The answer is clear enough just from looking at the 20th century,
leaving aside the slavery, depredations of colonialism, and other abuses
of power that had so many people and nations of the world under the boot
of arbitrary government in the 19th century. Let us consider whether
in the 20th century most of the population of the world has had
experiences that bear out the Founders’ jaundiced view of government, or
experiences that disprove that view.
What kind of experiences with government has the bulk of humanity had
in the 20th century? Has it been the experience of governments careful
of human dignity and human rights, and human property and human life? Or
has it been the experience of holocausts in Europe directed against
particular populations by coercive governments that herded them together
into camps and destroyed their lives and despoiled them of their
property? Has it been the experience of the Stalinist purges in Russia,
and of the Maoist pursuit of perpetual revolution with people killed by
the scores of millions in city and country?

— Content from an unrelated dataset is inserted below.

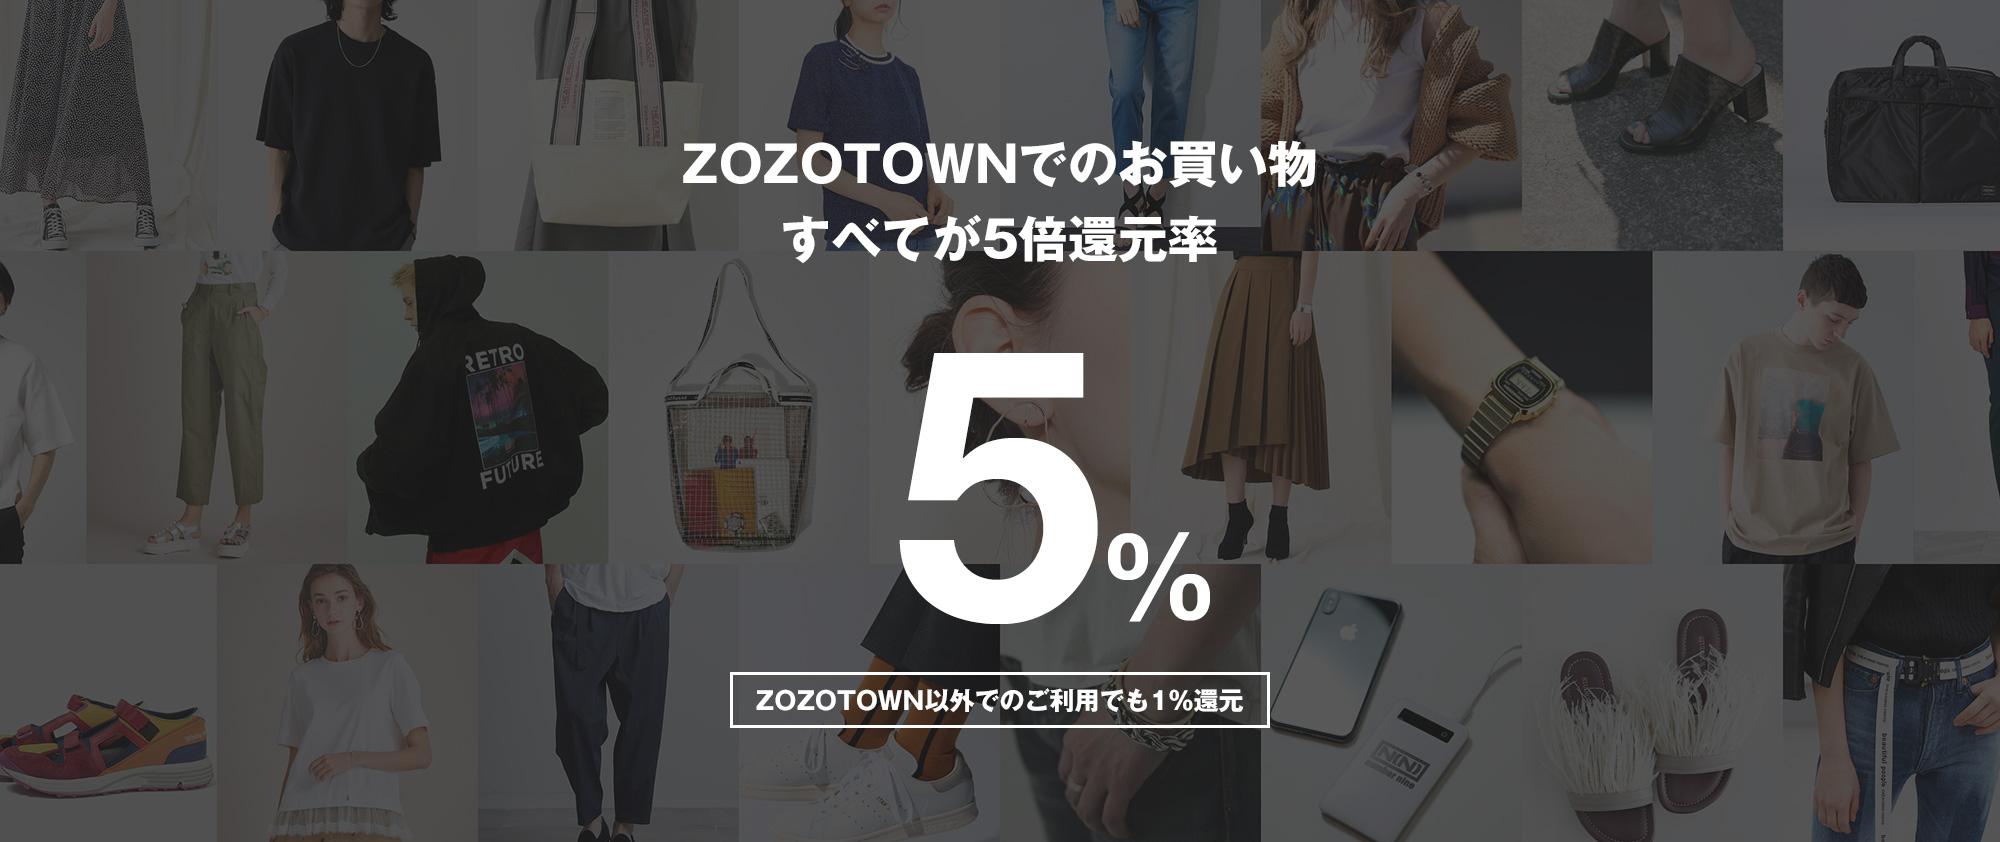 ZOZOTOWNでのお買い物がすべて5%還元

If we are willing to surrender to the overwhelming weight of the
evidence, we will acknowledge that pretty much everything about the 20th
century confirms the notion that government power is dangerous and that
without extraordinarily careful precautions it will generally be used to
oppress and destroy humanity.
Indeed, many of the worst abuses have been associated with the kind
of left-wing, totalitarian utopianism represented by liberals who reject
the Declaration, and reject with it the principles that could have
alerted them to the danger of trusting unqualifiedly in human political
authority. It is not a coincidence that the very people who urge us to
abandon the understanding of government represented in the Declaration,
and to replace it with a more benign view of government, have been by
and large responsible for most of the awful mass evil of this century.

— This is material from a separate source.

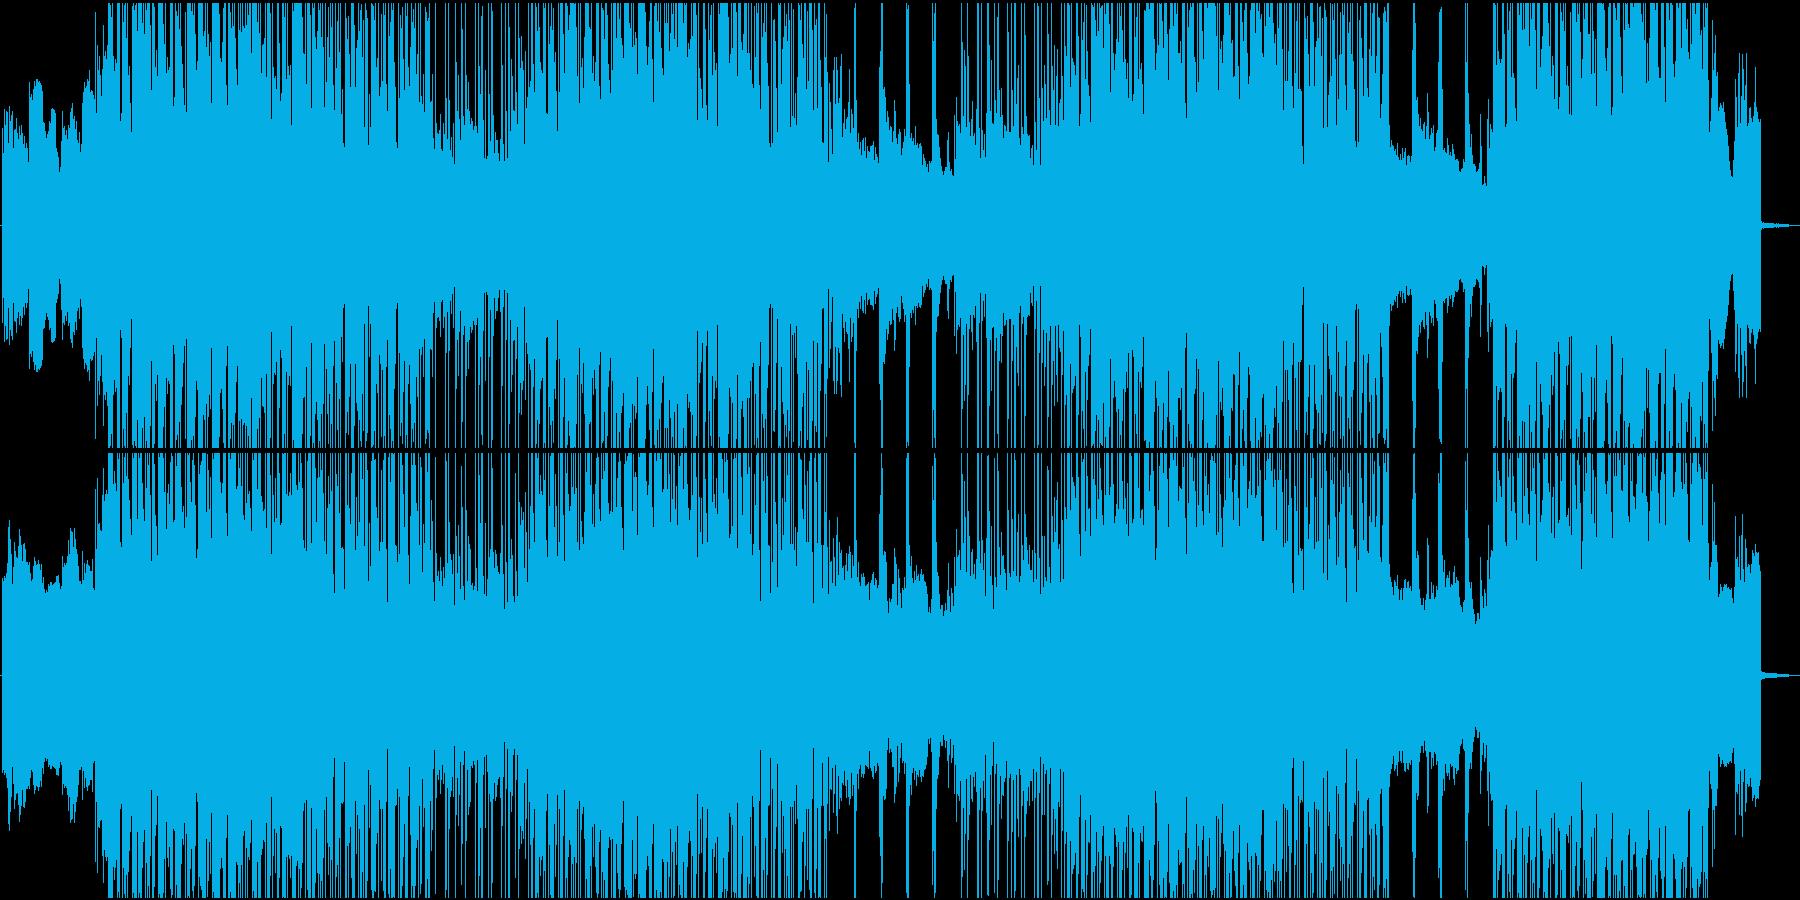 ダークでインダストリアルな雰囲気の再生済みの波形

The Nazis are usually offered as an exception to this claim, because as
everyone knows they were “right wing extremists.” But not in this
respect; they fit the leftist totalitarian pattern. The National
Socialist Party — the Nazis — was socialist in respect of its
understanding of what government was about and what it would do. It
rejected the “archaic” understanding that was represented by the
American Declaration — that all earthly authority must be subjected to
the laws of nature and nature’s God.
A deep but prudent suspicion of the claims of government looks more
like wisdom today than ever. In this as in so many other matters, the
experience of the past two centuries has confirmed the importance of
fidelity to the principles of the Declaration. On Independence Day and
on every day, we should strive to re-orient ourselves and our politics
by the light of the principles of our Founding. Why would anybody in his
right mind join the leftist liberals in rejecting it?